I found the Crown Trifari brooch on the right for $8. I already had the other one.
I've found some fun things, like this great, mid-century modern scarf.
I've bought a few new things, like this atomic age shower curtain, but I've been so worried about money ...
... that I've mostly stuck to cheap, second hand stuff. This is a ring!
I found these two brooches at two different stores in less than a week. What are the odds of that happening?
I'm trying to find hope wherever and whenever I can, like in these birds.
But the truth is, I'm scared, really really scared. I have to remind myself over and over and over again that, no matter what happens, I won't end up on the streets. I won't ever have to turn a trick ever again. Nobody is going to pound into my body and hurt it even more -- again. I won't lie down beside a dumpster and die in an alley strewn with used needles and condoms.
Beau and I have been talking about what we'll do financially if the insurance company does the cruel and unjust thing -- if I lose my income, and lose a battle in court. The short answer is that Beau would have to find a way to support me. He says he could, if he had to. But I know it would be hard. Extremely hard.
I know that he's already worn to the bone by all we've been going through. It hurts him to see me suffering. It hurts him to see others treat me so cruelly and selfishly. He does everything he can to help me, but I worry that he's doing too much.
I've been pretty good at not getting snappish in all this stress, but I do sometimes find myself getting snappish in my attempts to get Beau to take better care of himself. I don't want him to sacrifice his own health for mine.
Beau's not entirely alone in caring for me, of course. The other day, his cousin sent me this hummingbird because he knows I'm going through a rough time.
I've been talking a lot on the phone to my best friend in Toronto.
And many of my readers have been pretty great. One reader, only just turned 18, made this sweet illustration of the day I proposed to Beau. She did it to cheer me up. It did.

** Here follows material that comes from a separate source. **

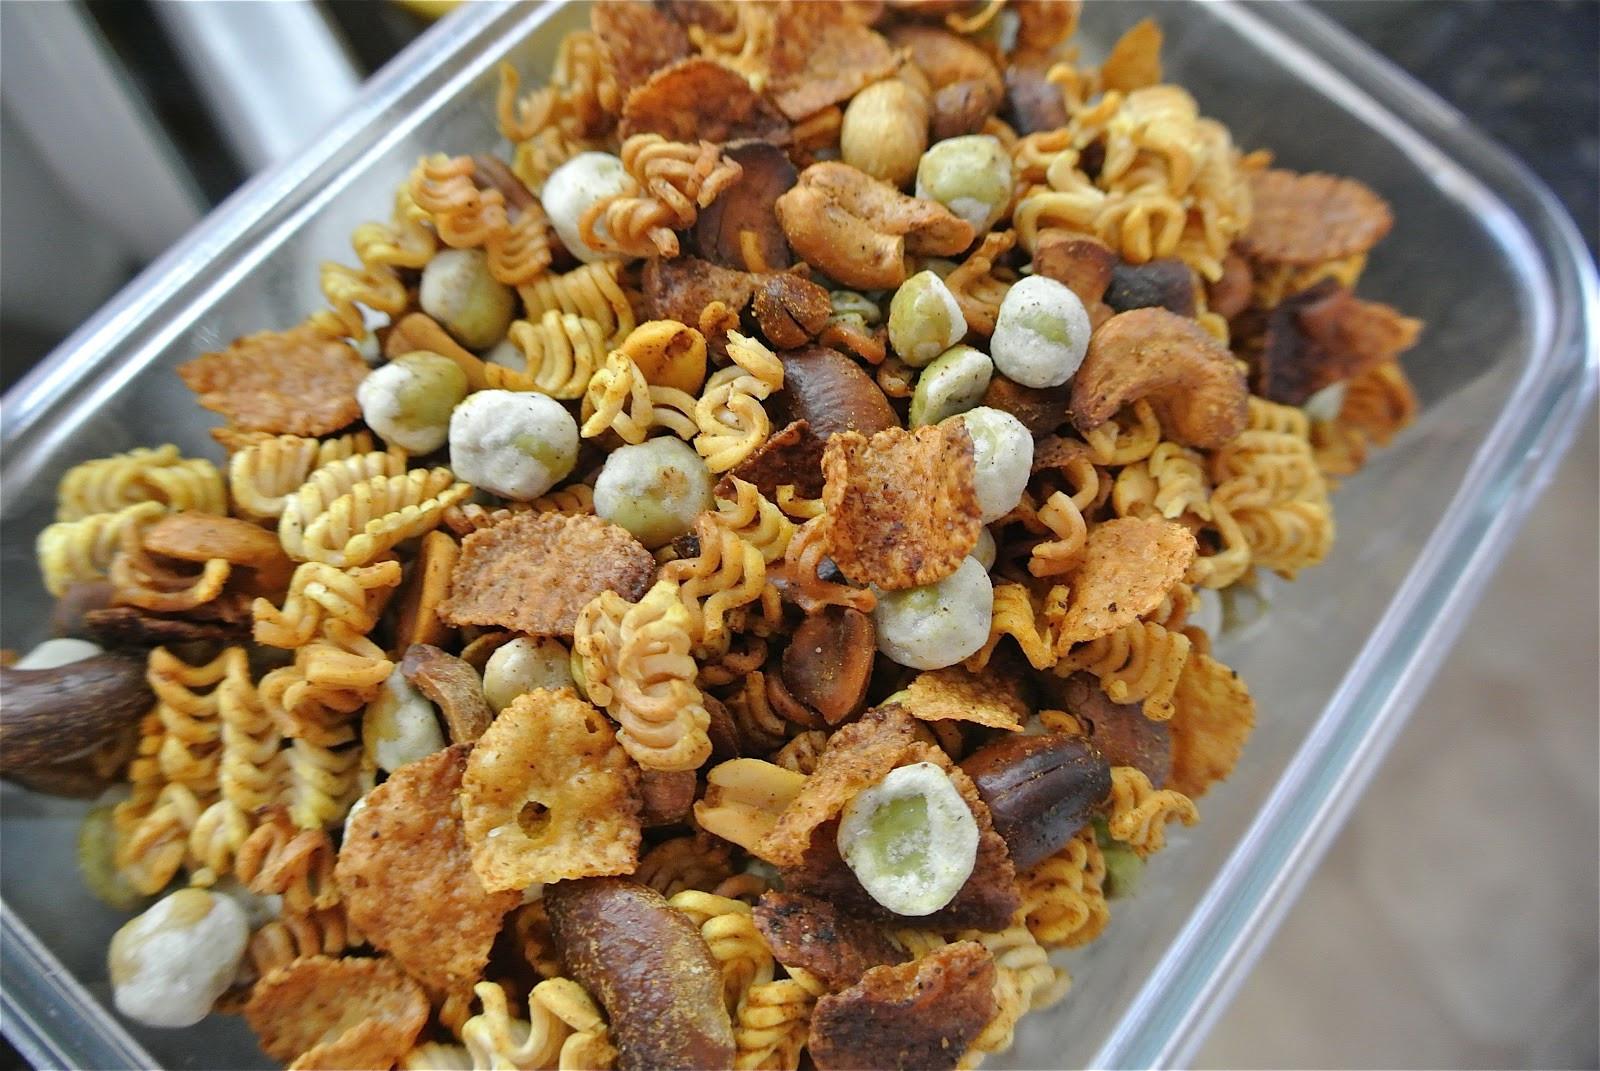 Healthy Crunchy Snacks  Crunchy Ramen Snack Mix Thrifty Thursday

When I started Sublime Mercies, it never occurred to me that I would make friends and gain support through it. I guess I was thinking of it more as I thought of my role as a teacher. But my readers are my peers, not my students, and some of them really do care about me.
A lot of them share at least some of my experiences. They know, say, about spending most of life in bed, with heating pads and special pillows, and cats. Others know about what it's like to be a trafficking survivor. Many know what it feels like to have PTSD. Virtually all of them, especially the Americans, know about how evil insurance companies are.
I didn't plan to create a community. I didn't plan an online Team Charlotte, but it's happened.
I'd give you more specific examples but I don't want to betray any confidences. Many people have written to me privately, saying, in essence, "Me too. Thanks. I'm here for you." That means a lot to me.
Thanks. Keep it coming. I need it!
And that's my reality at present. I'm hanging in there, but only barely.